Material for the task:
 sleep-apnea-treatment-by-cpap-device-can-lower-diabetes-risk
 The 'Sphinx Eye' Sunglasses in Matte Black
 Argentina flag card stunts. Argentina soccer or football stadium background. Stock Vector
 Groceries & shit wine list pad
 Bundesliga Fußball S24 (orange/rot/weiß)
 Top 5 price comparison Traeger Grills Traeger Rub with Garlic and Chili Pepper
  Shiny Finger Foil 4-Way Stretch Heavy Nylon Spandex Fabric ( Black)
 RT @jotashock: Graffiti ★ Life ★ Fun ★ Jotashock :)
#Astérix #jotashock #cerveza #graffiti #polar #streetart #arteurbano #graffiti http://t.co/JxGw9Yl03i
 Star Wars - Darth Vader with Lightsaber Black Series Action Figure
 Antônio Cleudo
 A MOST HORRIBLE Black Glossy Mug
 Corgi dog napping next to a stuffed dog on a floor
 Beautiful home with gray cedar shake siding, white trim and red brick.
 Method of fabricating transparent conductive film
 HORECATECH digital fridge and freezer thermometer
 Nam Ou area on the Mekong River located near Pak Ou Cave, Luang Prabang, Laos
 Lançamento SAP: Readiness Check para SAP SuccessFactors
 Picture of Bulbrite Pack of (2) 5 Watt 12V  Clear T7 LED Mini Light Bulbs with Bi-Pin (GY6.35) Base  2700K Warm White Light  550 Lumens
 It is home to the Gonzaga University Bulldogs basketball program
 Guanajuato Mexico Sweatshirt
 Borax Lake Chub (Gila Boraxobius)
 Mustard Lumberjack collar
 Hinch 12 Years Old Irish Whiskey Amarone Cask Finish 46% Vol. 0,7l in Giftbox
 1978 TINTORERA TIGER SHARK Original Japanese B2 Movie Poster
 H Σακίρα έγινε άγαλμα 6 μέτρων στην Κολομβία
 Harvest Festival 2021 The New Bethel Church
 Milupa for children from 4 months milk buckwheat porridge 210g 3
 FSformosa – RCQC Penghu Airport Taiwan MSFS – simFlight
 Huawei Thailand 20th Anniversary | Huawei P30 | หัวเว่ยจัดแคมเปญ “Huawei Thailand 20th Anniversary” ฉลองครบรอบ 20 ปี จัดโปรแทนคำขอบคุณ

Problem description:
Copy, without any change, the lines above from the one containing "Harvest Festival 2021 The New Bethel Church" to the end, both ends included. Add nothing else.

The answer:
 Harvest Festival 2021 The New Bethel Church
 Milupa for children from 4 months milk buckwheat porridge 210g 3
 FSformosa – RCQC Penghu Airport Taiwan MSFS – simFlight
 Huawei Thailand 20th Anniversary | Huawei P30 | หัวเว่ยจัดแคมเปญ “Huawei Thailand 20th Anniversary” ฉลองครบรอบ 20 ปี จัดโปรแทนคำขอบคุณ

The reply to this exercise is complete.